## Provided data

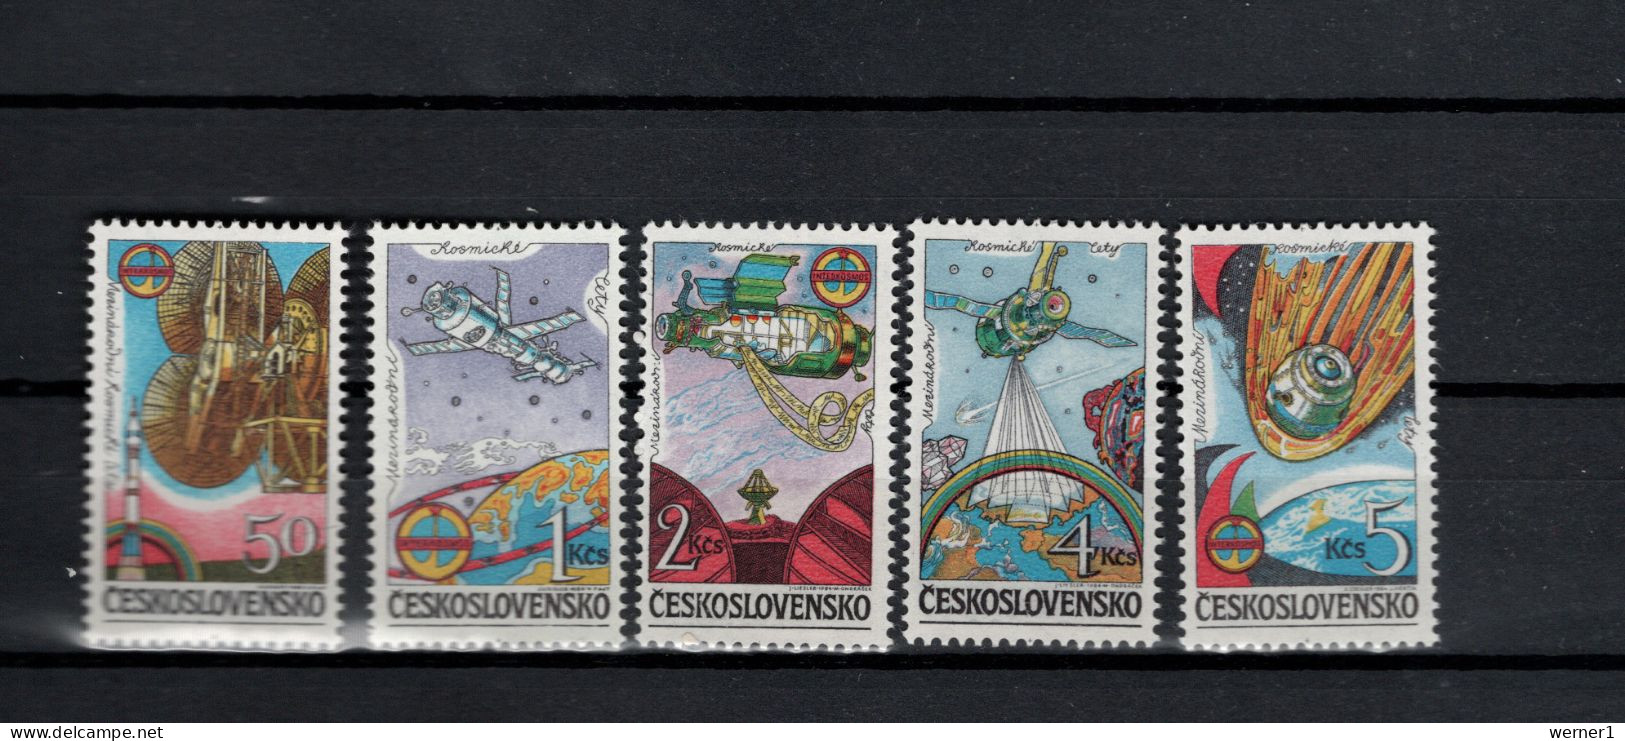 Czechoslovakia 1984 Space, Interkosmos Set Of 5 MNH - Europe
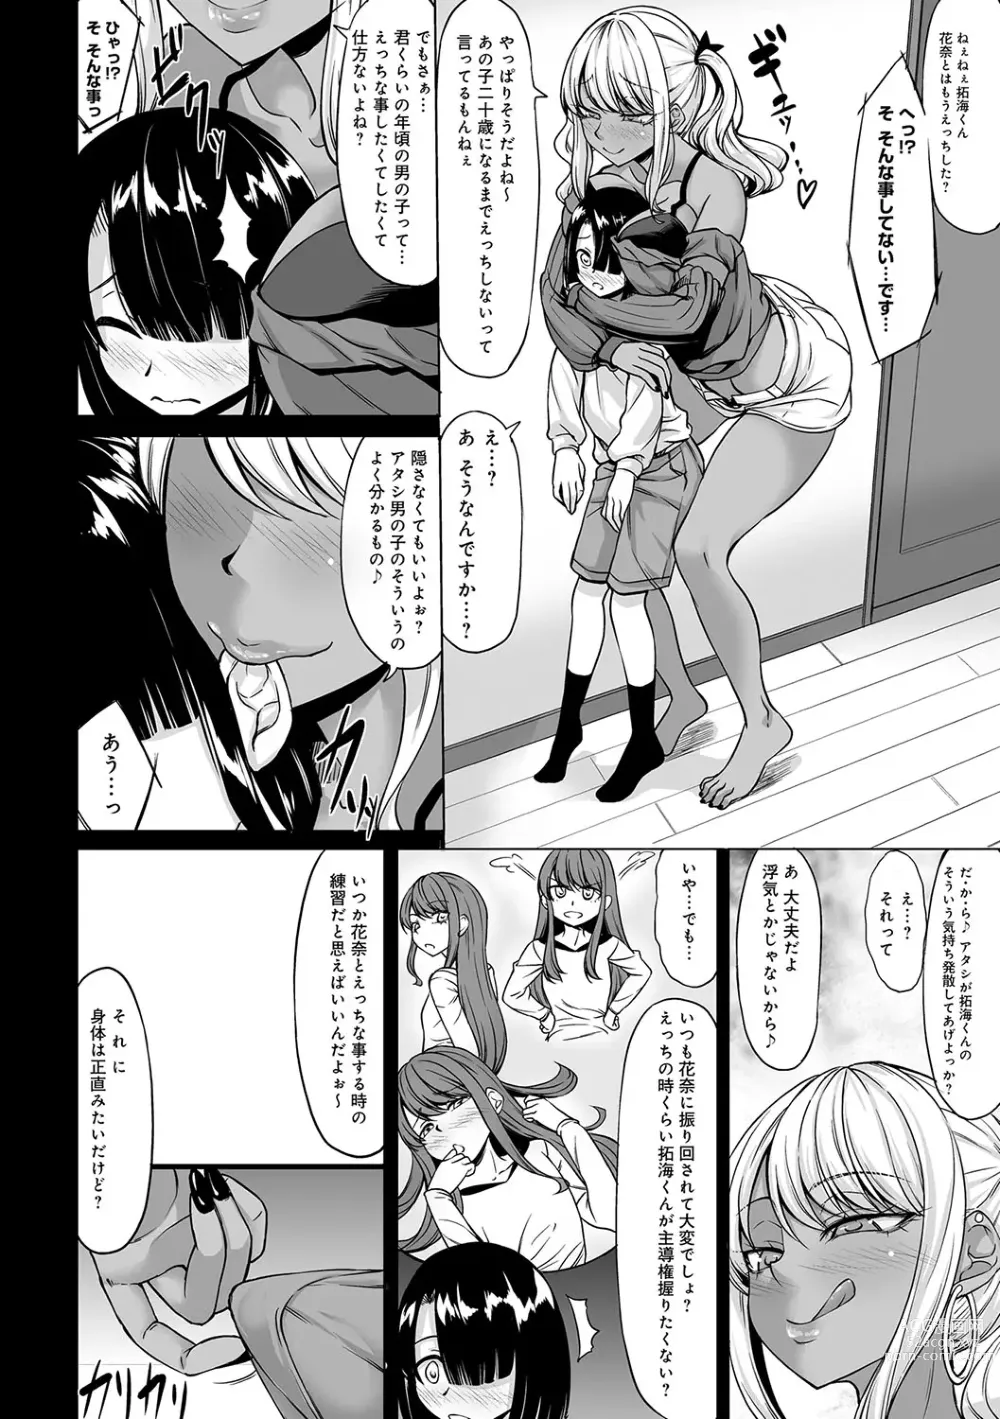 Page 11 of manga A Cup no Kanojo yori J Cup no Kuro Gal no Hou ga Yoi yo ne? - Youd rather have a tanned gal with J-cup boobs than an A-cup girlfriend, wouldn't you?
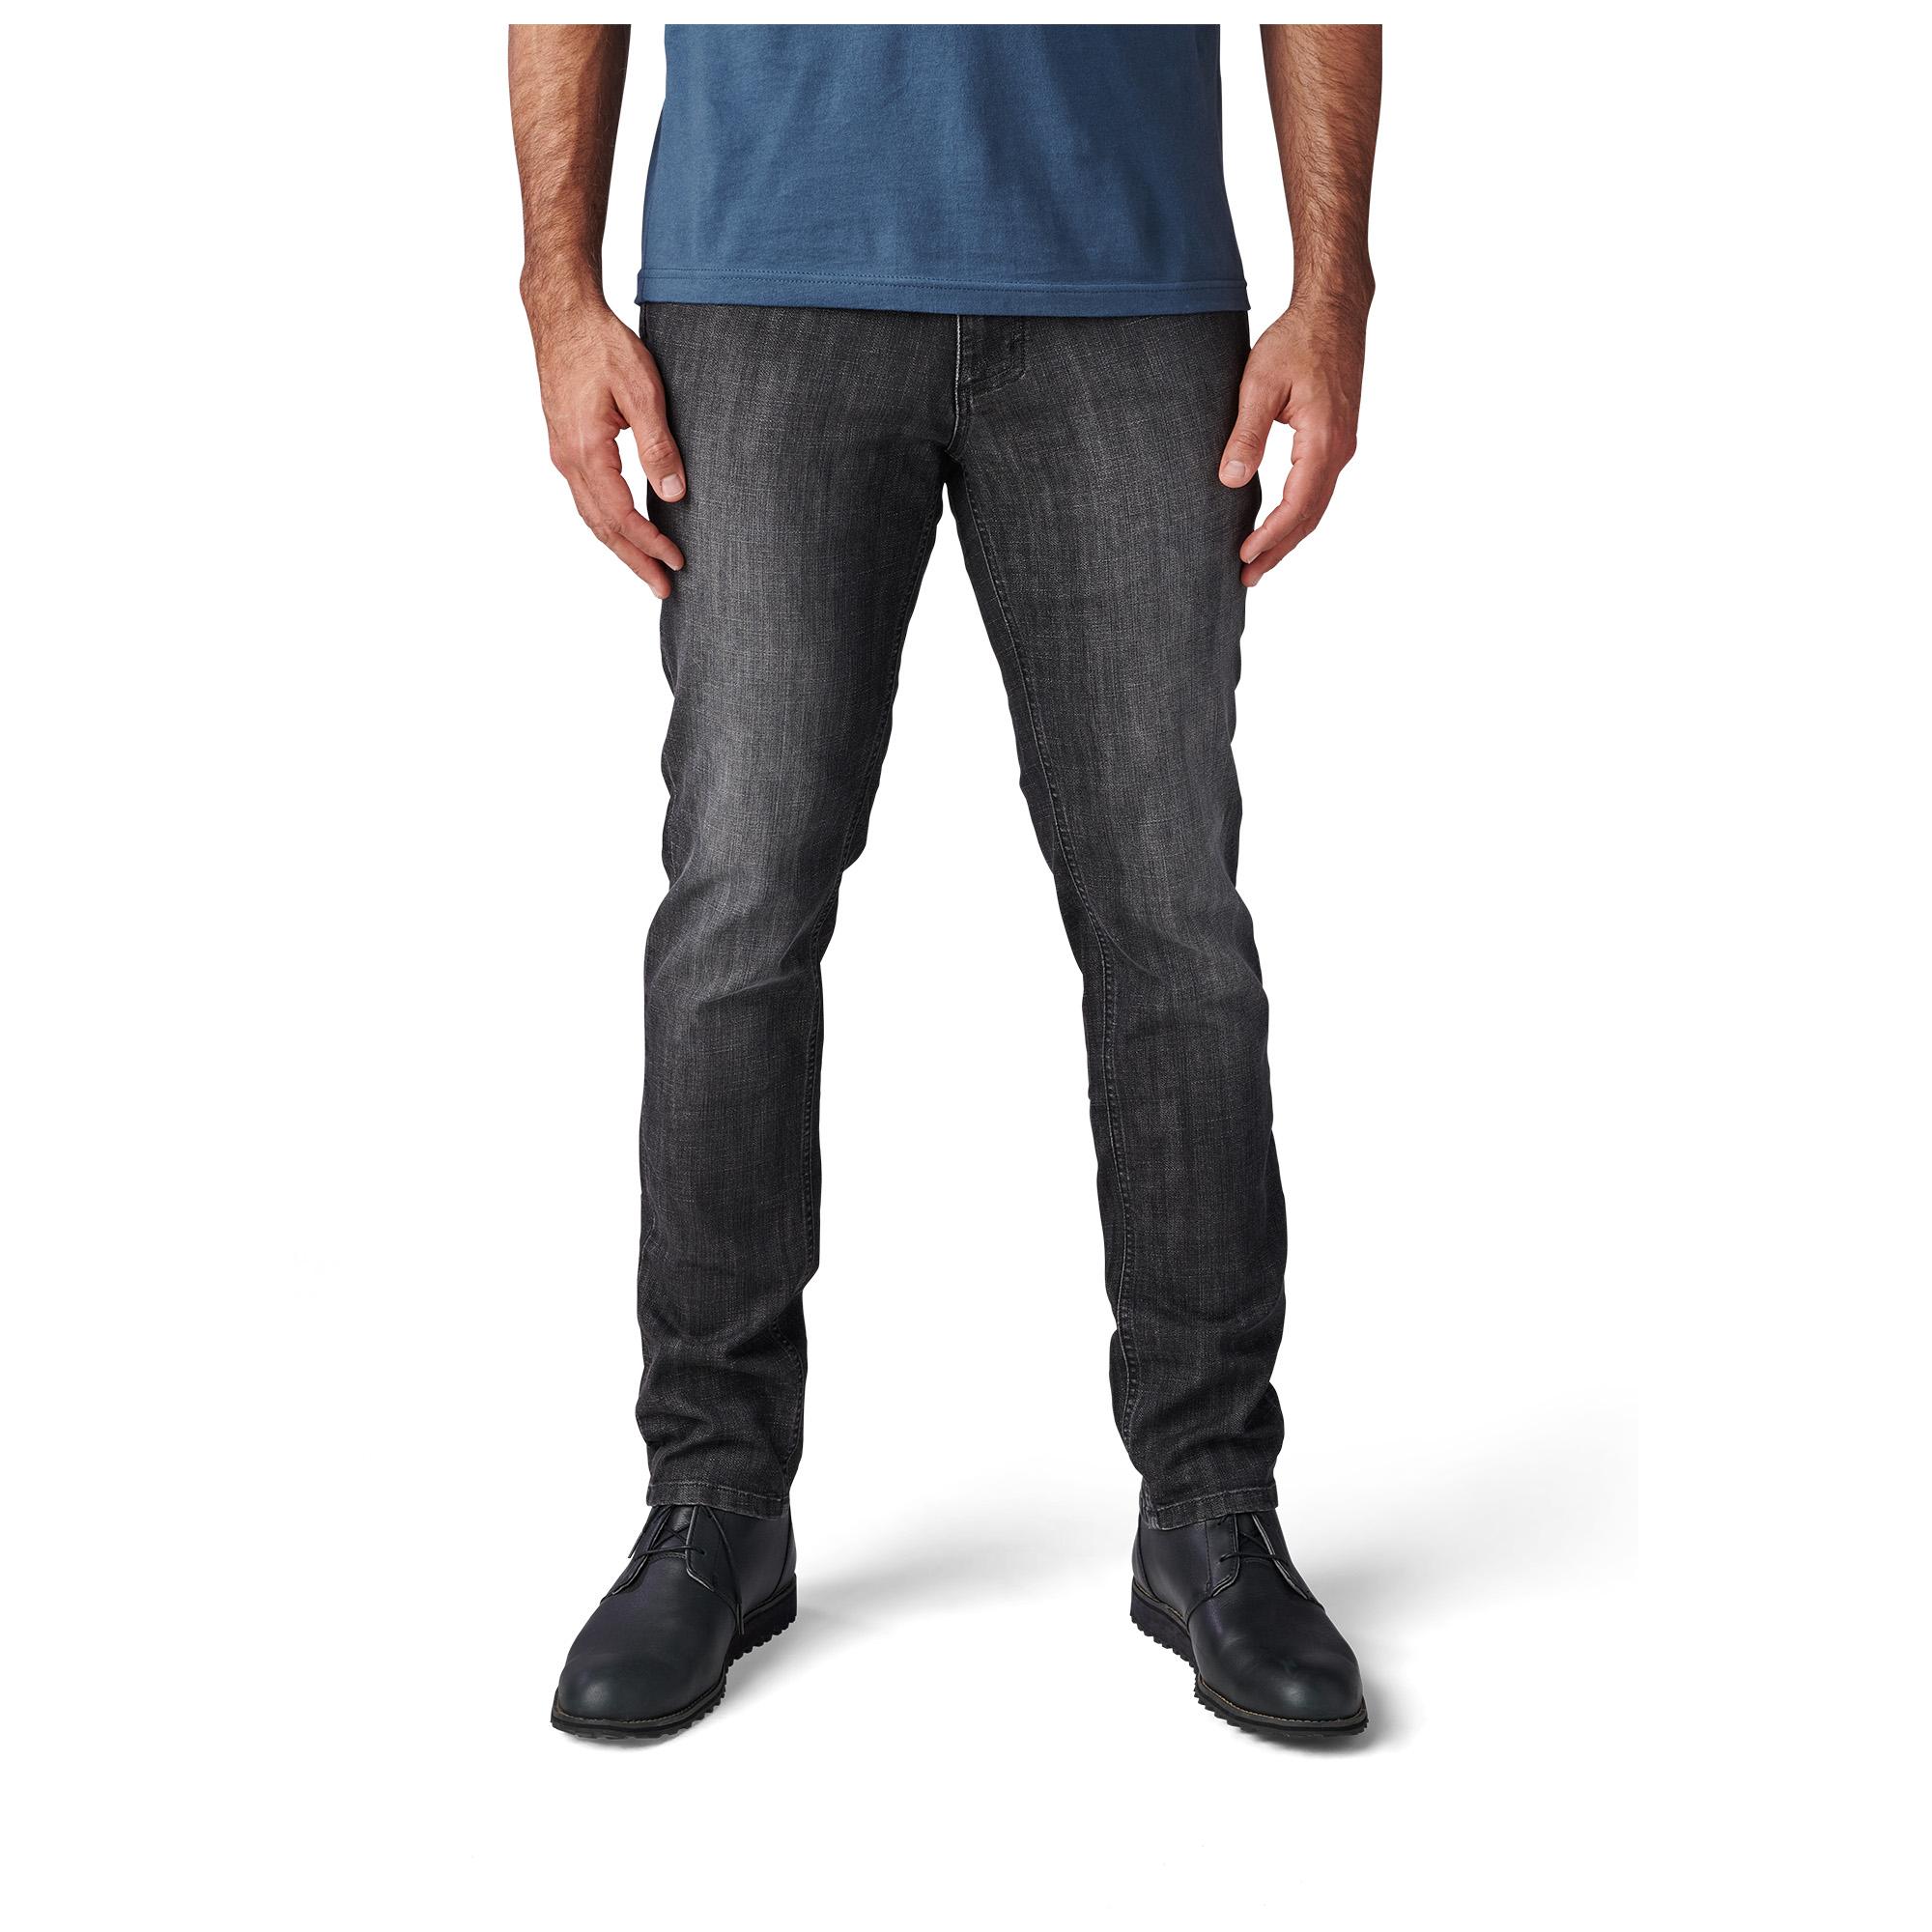 Defender-flex jean-slim - Pants & shorts

## Directions
The listing above must be repeated exactly. Its pictures are not part of the copy.

## Solution to this problem
 Czechoslovakia 1984 Space, Interkosmos Set Of 5 MNH - Europe
 Page 11 of manga A Cup no Kanojo yori J Cup no Kuro Gal no Hou ga Yoi yo ne? - Youd rather have a tanned gal with J-cup boobs than an A-cup girlfriend, wouldn't you?
 Defender-flex jean-slim - Pants & shorts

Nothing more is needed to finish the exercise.